The speed and performance of computers, mobile phones, and other electronic devices depend on the RAM operational memory. Materials used in current memory devices, such as silicon, have already reached their limits for further reducing the size or speeding up. Therefore, researchers are focusing on two-dimensional (2D) materials whose properties are not yet well examined and may therefore surprise.

Chromium iodide is a 2D material whose crystal structure consists of isolated layers containing chromium and iodine atoms with a thickness of approximately 1 nanometre. An international research team, including scientists from the J. Heyrovsky Institute of Physical Chemistry of the CAS and from Charles University, examined monocrystals of chromium iodide using different pressures and temperatures.

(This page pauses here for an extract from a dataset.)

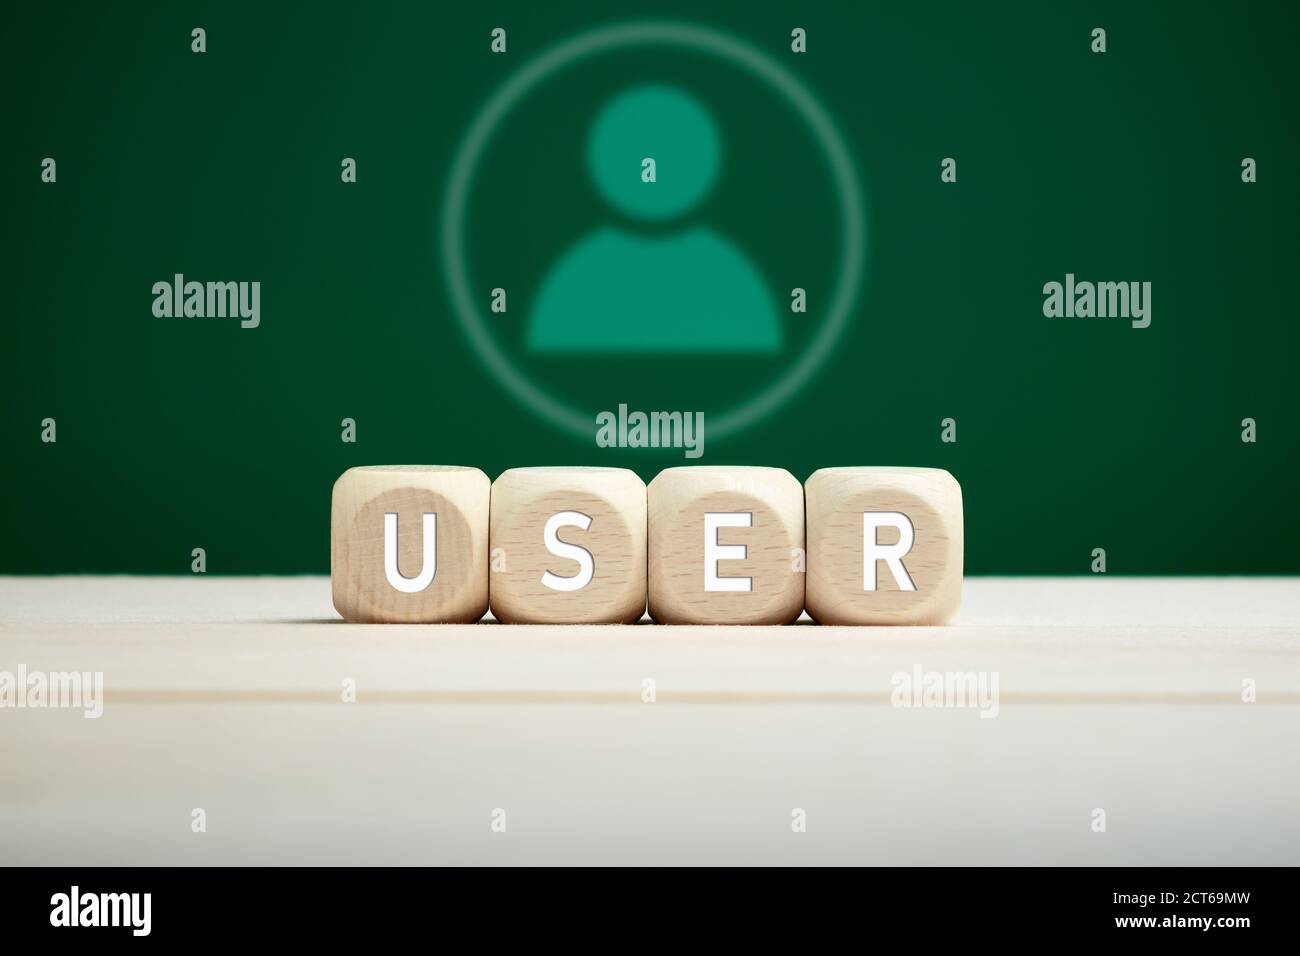 Le mot utilisateur sur des blocs de bois avec une icône utilisateur sur fond vert. Technologie, communication ou concept d'utilisateur d'Internet. Banque D'Images

Ferromagnets, antiferromagnets and spin glass

"We subjected the chromium iodide crystal to high pressure, 20 gigapascals or more, and monitored the changes in the magnetic state with a Raman spectrometer," explains Haider Golam from the J. Heyrovsky Institute of Physical Chemistry of the CAS.

"Materials with the spin-glass effect will be used for advanced information storage concepts."

The researchers found out that at a certain pressure and temperature, the crystal behaved very unusually. While at pressures up to 22 gigapascals the 2D material behaved like a ferromagnet, at pressures above 30 gigapascals it behaved like an antiferromagnet. However, in the pressure range of 22 to 30 gigapascals and at low temperature, it began to exhibit exotic properties associated with so-called spin glass.

The possibilities of chaos

Conventional ferromagnetic materials, such as those in magnetic recording media, have magnetic moments (electron spins) oriented in one direction, while in antiferromagnets, their orientation alternates. However, in materials referred to as spin glass, the spins are not arranged regularly, but quite randomly.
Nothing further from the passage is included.